遺族年金の受給要件:保険料納付要件
遺族年金は死亡日要件と保険料納付要件を満たした人が死亡したときに、一定の要件を満たした遺族に対して支給されます。
このうち、ここでは保険料納付要件について解説します。
なお、遺族基礎年金と遺族厚生年金の保険料納付要件は共通です。
保険料納付要件が問われない場合
- 受給資格期間が25年以上の人が死亡したときは遺族基礎年金の保険料納付要件は問われません(*1)。
- 障害厚生年金(1級、2級)受給権者と長期要件による遺族厚生年金の死亡日要件を満たした人が死亡したときは遺族厚生年金の保険料納付要件は問われません
*1)
平成29年度の法改正が行われる前までは、「老齢年金の受給資格」を満たしていればよい、とされていました。しかし改正によって老齢年金の受給資格期間が10年に短縮されたのに対して、遺族年金については改正後も引き続き25年以上の受給資格期間が必要とされています。
遺族年金の保険料納付要件
死亡日の前日に、前々月までの国民年金の被保険者期間(以下、保険料納付要件判定期間)のうち、保険料納付済期間と保険料免除期間を合わせて3分の2以上(つまり、未納期間が3分の1未満)でなければなりません。
ポイント1
遺族基礎年金はもちろん、遺族厚生年金も国民年金の期間で判定します。
ポイント2
老齢年金と異なり、遺族年金の場合は厚生年金加入期間のうち、20歳未満と60歳以上の国民年金の被保険者期間も保険料納付済期間となります。
事例
国民年金被保険者期間のうち、全期間が1号被保険者の場合
上記の保険料納付要件判定期間のうち、未納期間が3分の1未満でなければなりません。
国民年金被保険者期間のうち、全期間が厚生年金の場合
国民年金被保険者期間の厚生年金加入期間は国民年金2号被保険者になるので、保険料納付要件を満たすことになります。
厚生年金と国民年金1号の場合
保険料納付要件判定期間のうち厚生年金加入期間は保険料納付済期間となります。残りの1号の期間をプラスして、全体で未納期間が3分の1未満であれば保険料納付要件を満たすことになります。
3分の2要件を満たさなくても保険料納付要件を満たす特例
死亡日が令和8年4月1日前にある場合、死亡日の前日において、死亡日の属する月の前々月までの1年間に国民年金の保険料未納期間がなければ障害年金を受給することができます。
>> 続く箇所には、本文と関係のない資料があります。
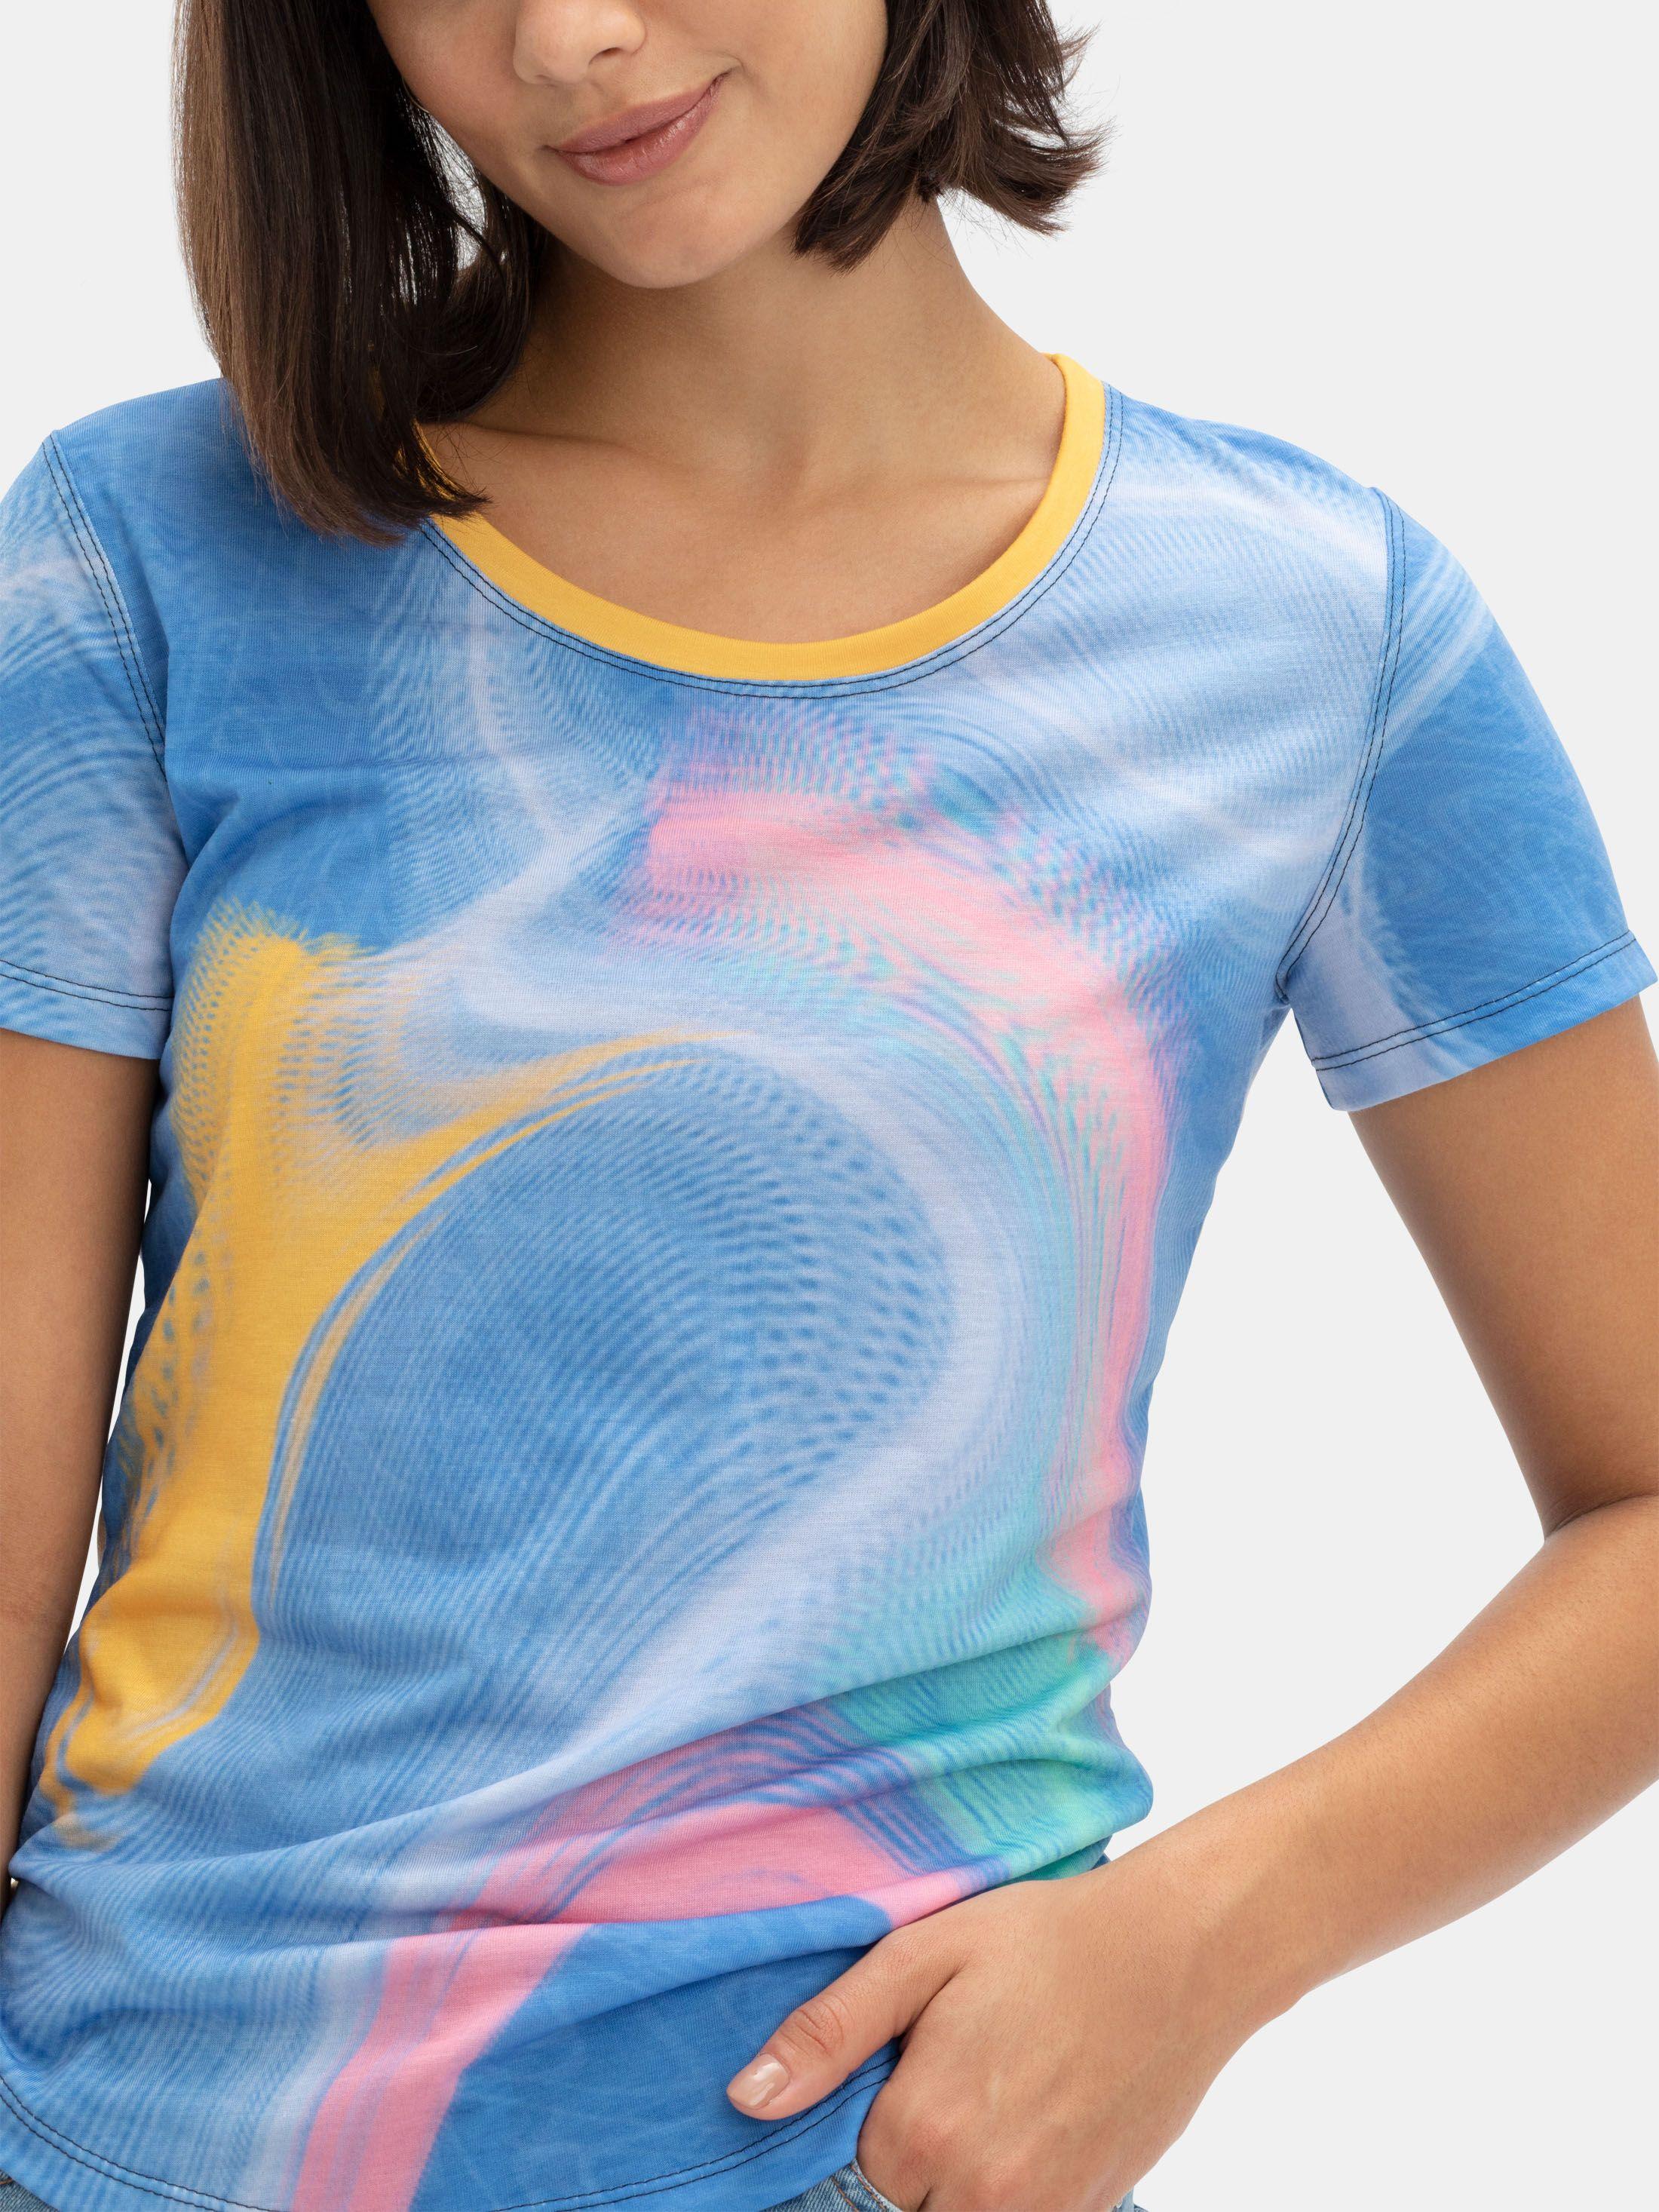 custom cotton t shirt printing

但しこの特例は死亡日が65歳以降の場合には適用されません。
死亡日において被保険者でないときは、死亡日前で直近被保険者期間の1年間で判定します。
被保険者期間が1年未満で要件を満たす事例
60歳以降で国民年金の被保険者となるのは厚生年金の被保険者であるときと任意加入したときに限られます。それ以外の場合は国民年金の被保険者ではありません。従って、上図のように60歳以降で厚生年金に加入(国民年金2号)すれば保険料を払った期間が1年未満でも、直近1年間に未納期間がないので、保険料納付要件を満たすことになります。